Решась ехать завтра на рассвете, я пришла домой засветло, чтобы уведомить хозяйку о своем отъезде и приготовить лошадь и сбрую. Входя на двор, я увидела необыкновенную суетливость и беготню людей полковника, увидела множество экипажей и верховых лошадей. Я вошла в залу, и первою встречею был возвратившийся полковник, толпа офицеров окружала его, но между ними не было однако ж ни одного из тех, с которыми я пришла на Дон. ‘Здравствуйте, Александр Васильевич! — сказал полковник, отвечая на поклон мой, — не соскучились ли вы у нас? Господа, рекомендую, это русский дворянин, он будет спутником нашим до места’. Офицеры слегка поклонились мне и продолжали разговаривать о своем походе. ‘Ну как же вы проводили ваше время, Александр Васильевич? Полюбился ли вам Дон и не полюбилось ли что на Дону?’ Говоря это, полковник лукаво усмехался. Поняв смысл последнего вопроса, я покраснела, но отвечала вежливо и сообразно шутке, что старался не прилепляться слишком к прекрасной стороне их, чтоб не заплатить за это поздним сожалением. — ‘Вы очень хорошо сделали, — сказал полковник, — потому что завтра чуть свет и мы, и вы должны сказать прости нашему тихому Дону! Мне вверен Атаманский полк, и мы имеем повеление идти в Гродненскую губернию, вот там вы будете иметь случай вступить в какой угодно регулярный полк, их там много’.

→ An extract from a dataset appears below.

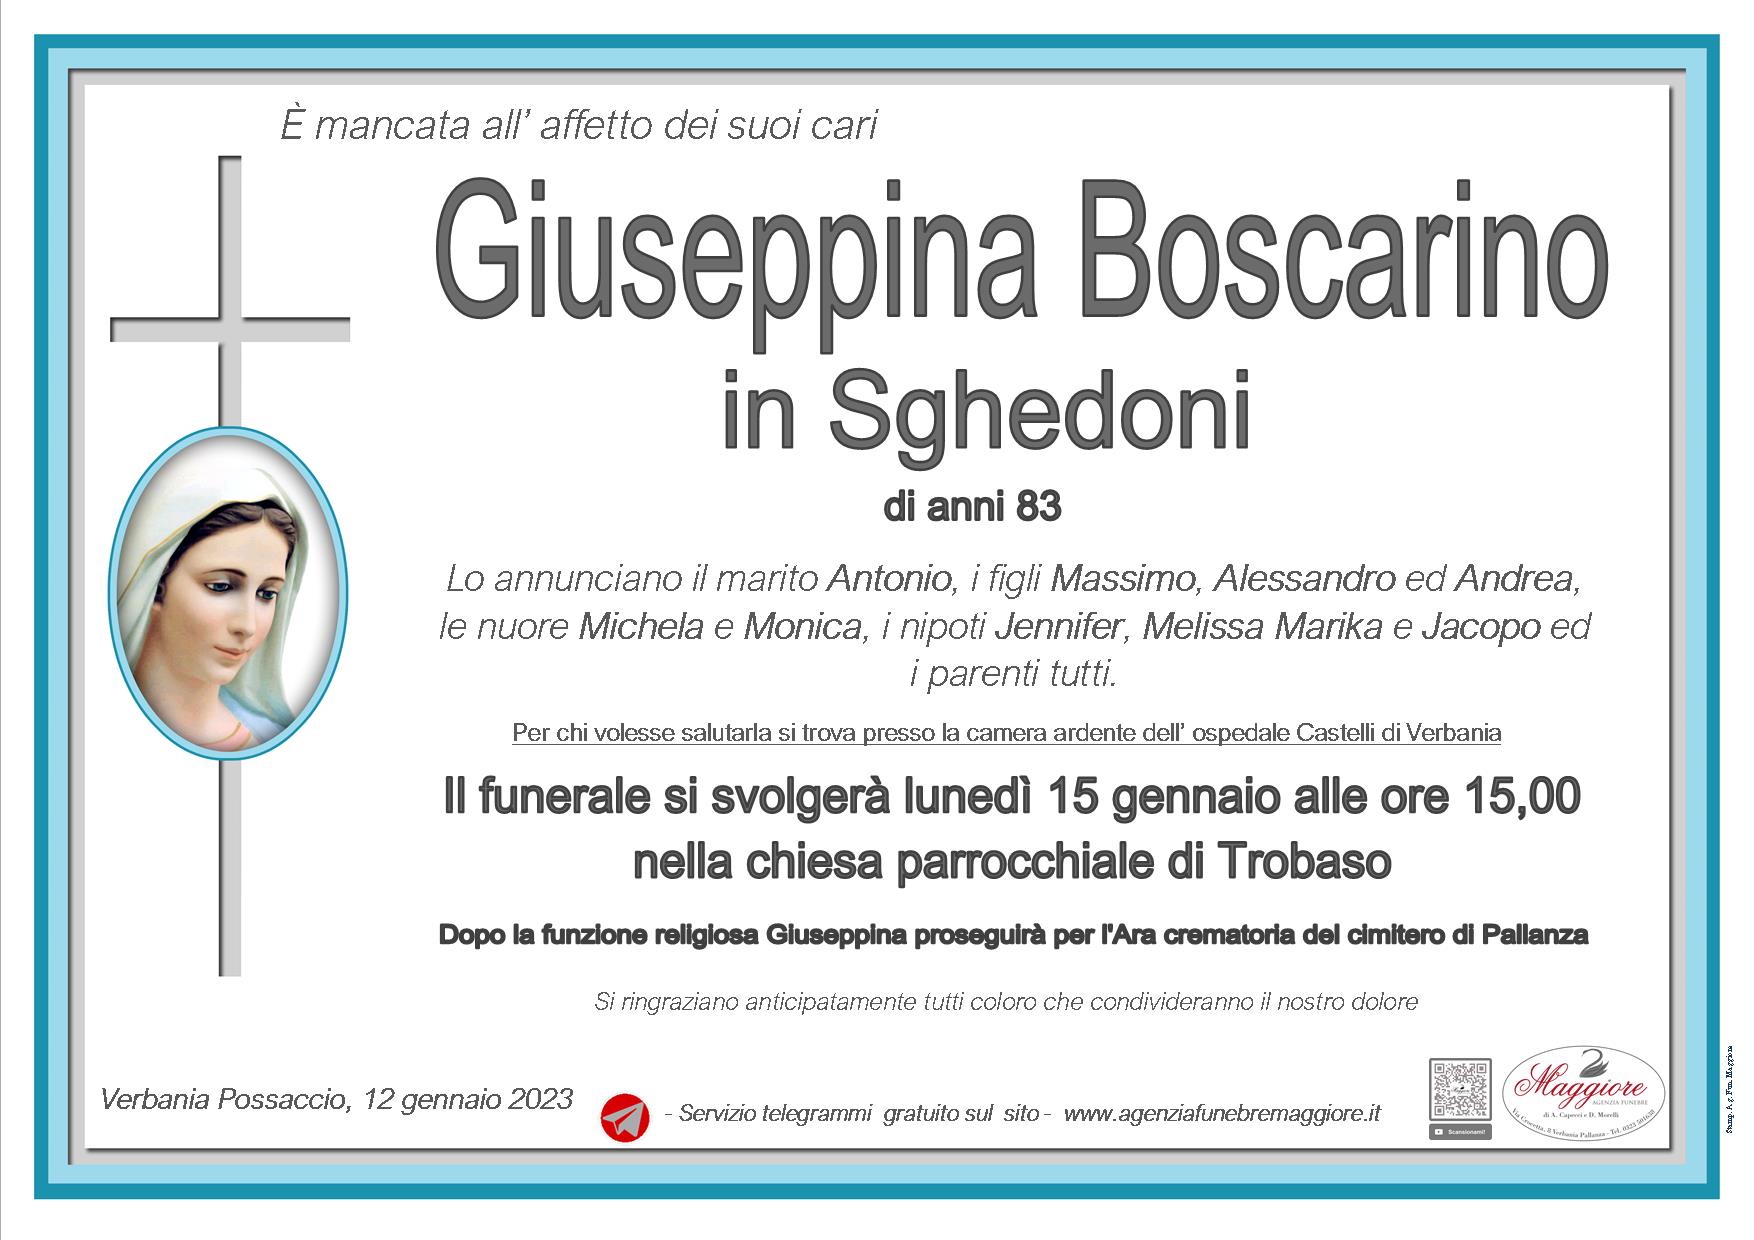 Giuseppina Boscarino in Sghedoni

В три часа утра я оседлала своего Алкида и привела его к строю казаков, но как полковника тут еще не было, то я, привязав свою лошадь, пошла в ту залу, где собрались все офицеры. Множество молодых казачек пришли проходить своих мужей, я была свидетельницею трогательного зрелища. Щегров, бывший всегда при полковнике в походе, был с ним же и на Дону, его отец, мать, жена и три взрослые и прекрасные дочери пришли проводить его и еще раз проститься с ним. Умилительно было видеть, как сорокалетний казак, склонясь до земли, целовал ноги своего отца и матери, принимая их благословение, и после сам точно так же благословил дочерей своих, упавших к ногам его, обряд этого прощанья был совершенно нов для меня и сделал на душу мою самое горестное впечатление! ‘Вот, — думала я, — как должно расставаться детям с отцом и матерью! а я убежала! Вместо благословения неслись за мною упреки раздраженных родителей, а может быть… ужасная мысль!..’ Погрузясь в эти печальные размышления, я не слыхала, как все уже вышли и зала сделалась пуста. Шорох позади меня пробудил мое внимание и извлек из горестных мечтаний очень неприятным образом, ко мне подкрадывалась одна из женщин полковницы: ‘А вы что ж стоите здесь одни, барышня? Друзья ваши на лошадях, и Алкид бегает по двору!’ Это сказала она с видом и усмешкою истинного сатаны. Сердце мое вздрогнуло и облилось кровью, я поспешно ушла от мегеры! Казаки были уже в строю, близ них Алкид мой рыл землю копытом от нетерпения. Поспешая взять его, я встретила строгий взгляд полковника: ‘В вашем положении надобно всегда быть первым, для вас это необходимо, Александр Васильевич’, — сказал он, выезжая перед фронт. Наконец обычное ‘справа по три’ двинуло полк с места. Скоро опять раздалось: ‘Душа добрый конь!’ Опять возобновились сцены прежней походной жизни, но я теперь уже не та, сделавшись старее несколькими месяцами, я стала смелее и не прихожу более в замешательство при всяком вопросе. Офицеры Атаманского полка, будучи образованнее других, замечают в обращении моем ту вежливость, которая служит признаком хорошего воспитания, и, оказывая мне уважение, ищут быть со мною вместе.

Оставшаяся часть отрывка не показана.